__PROBLEM DETAILS__.
Every line from the one with "Embody电竞椅左侧扶手上" up to and including the one with "Elvis Presley Canvas created by Ötzi Frosty" is to be output exactly as it appears below; pictures are not.

*** PROVIDED DATA Section Begins ***

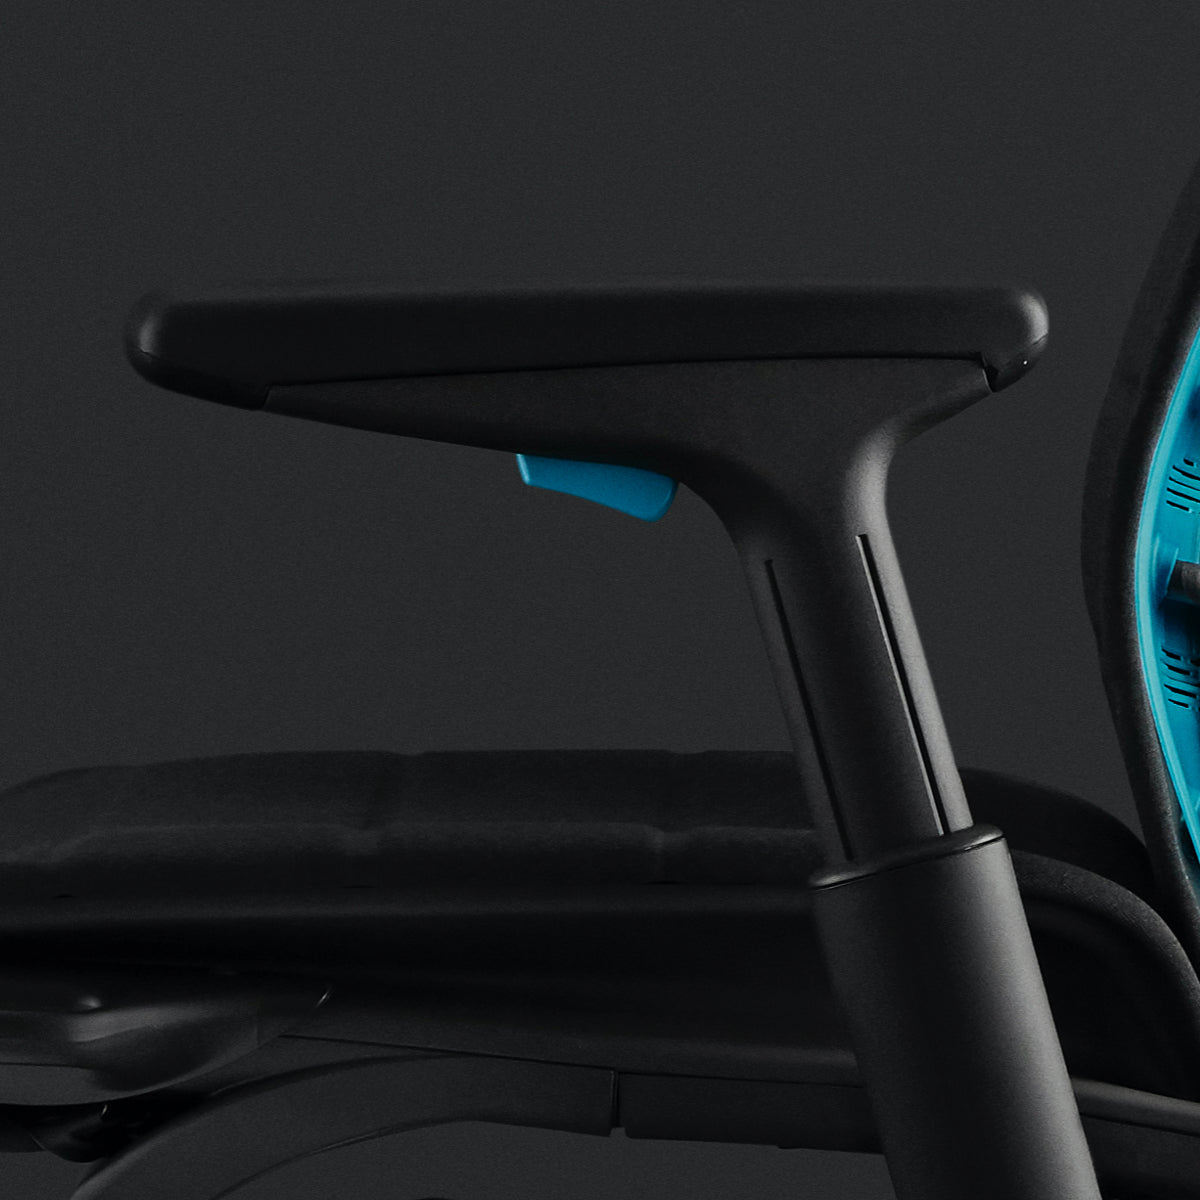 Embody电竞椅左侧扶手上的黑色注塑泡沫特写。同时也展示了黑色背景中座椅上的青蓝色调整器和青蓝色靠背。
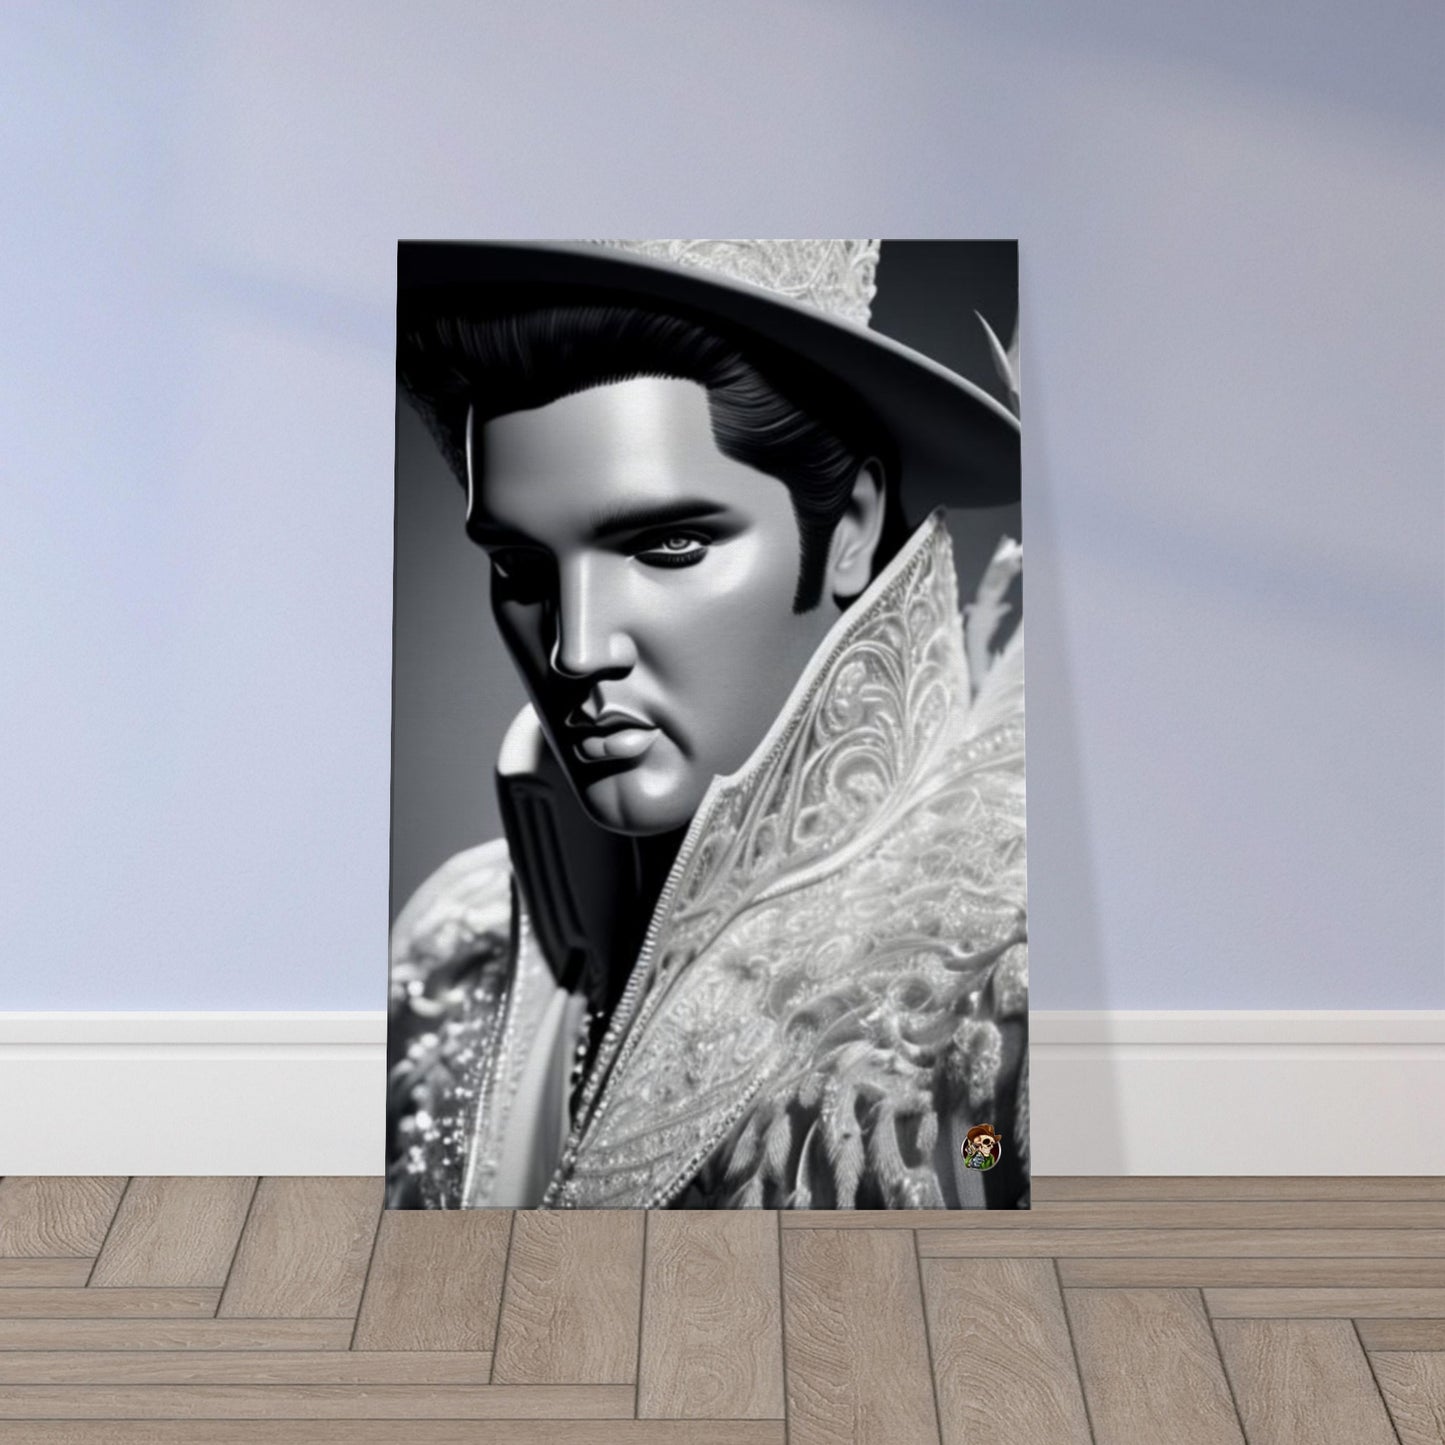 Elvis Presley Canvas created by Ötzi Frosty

*** PROVIDED DATA Section Ends ***
*** PROVIDED DATA Section Begins ***

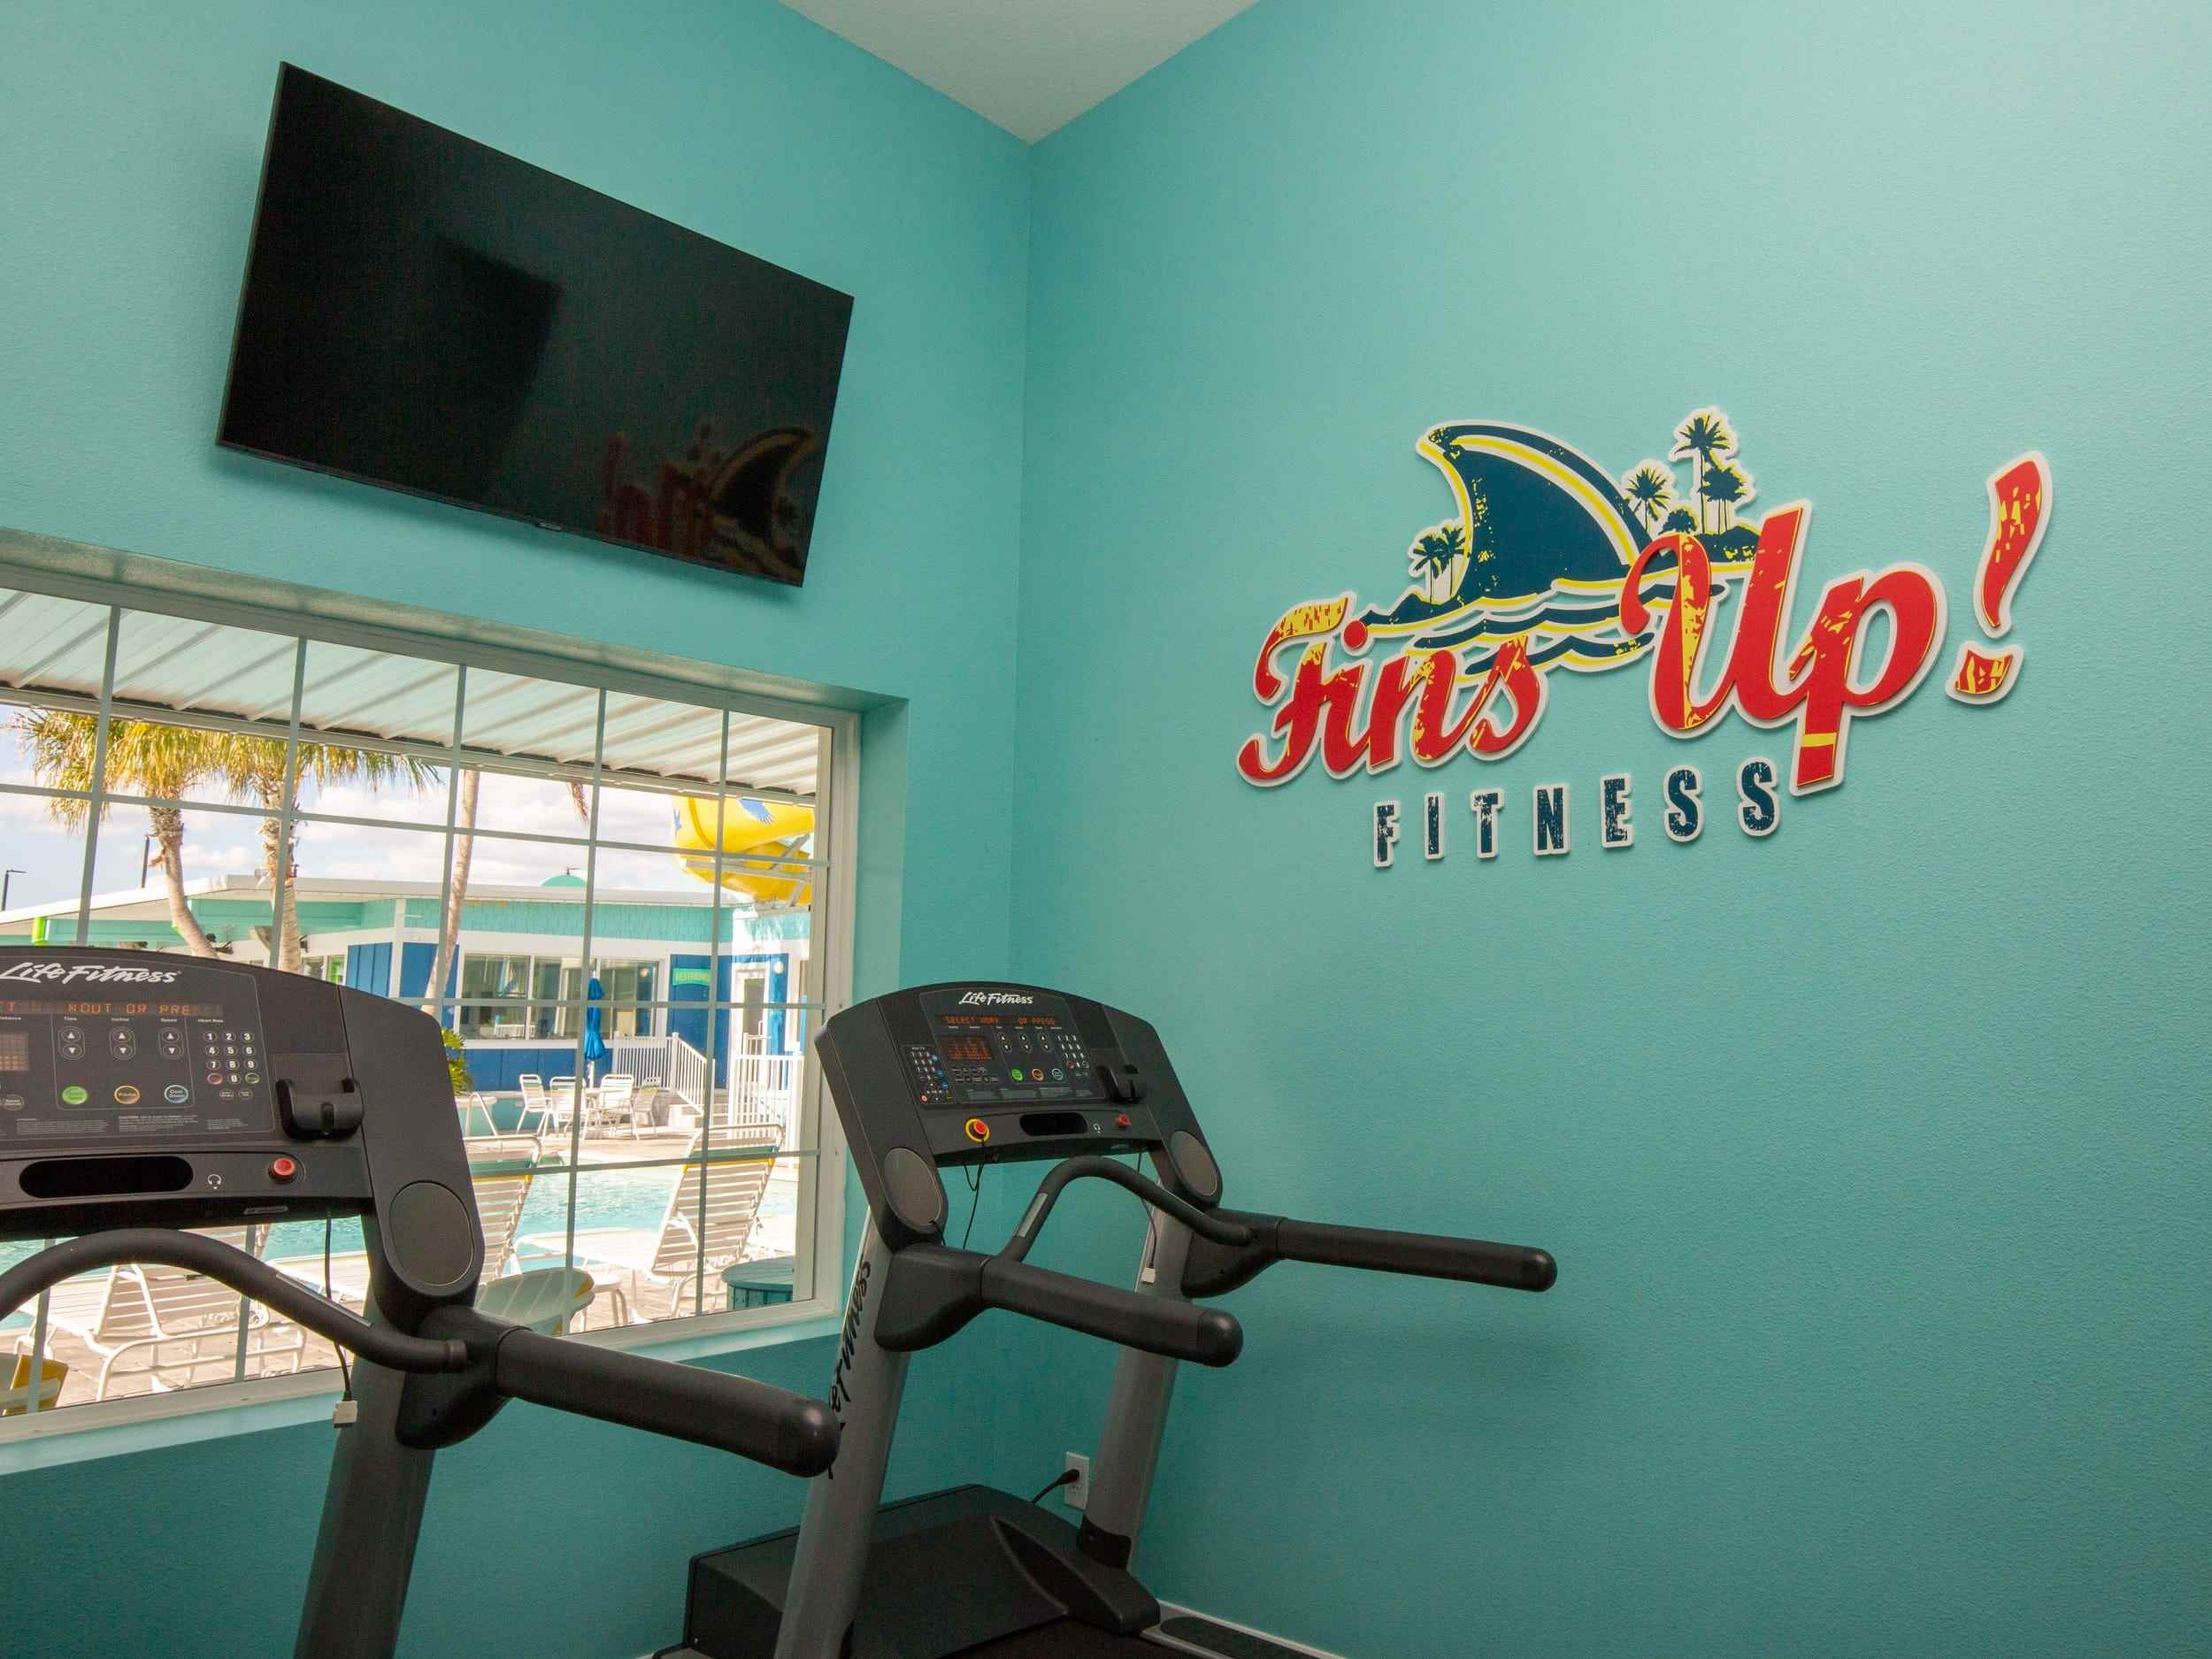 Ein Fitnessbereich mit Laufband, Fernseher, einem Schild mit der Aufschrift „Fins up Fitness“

*** PROVIDED DATA Section Ends ***

__SOLUTION__.
 Embody电竞椅左侧扶手上的黑色注塑泡沫特写。同时也展示了黑色背景中座椅上的青蓝色调整器和青蓝色靠背。
 Elvis Presley Canvas created by Ötzi Frosty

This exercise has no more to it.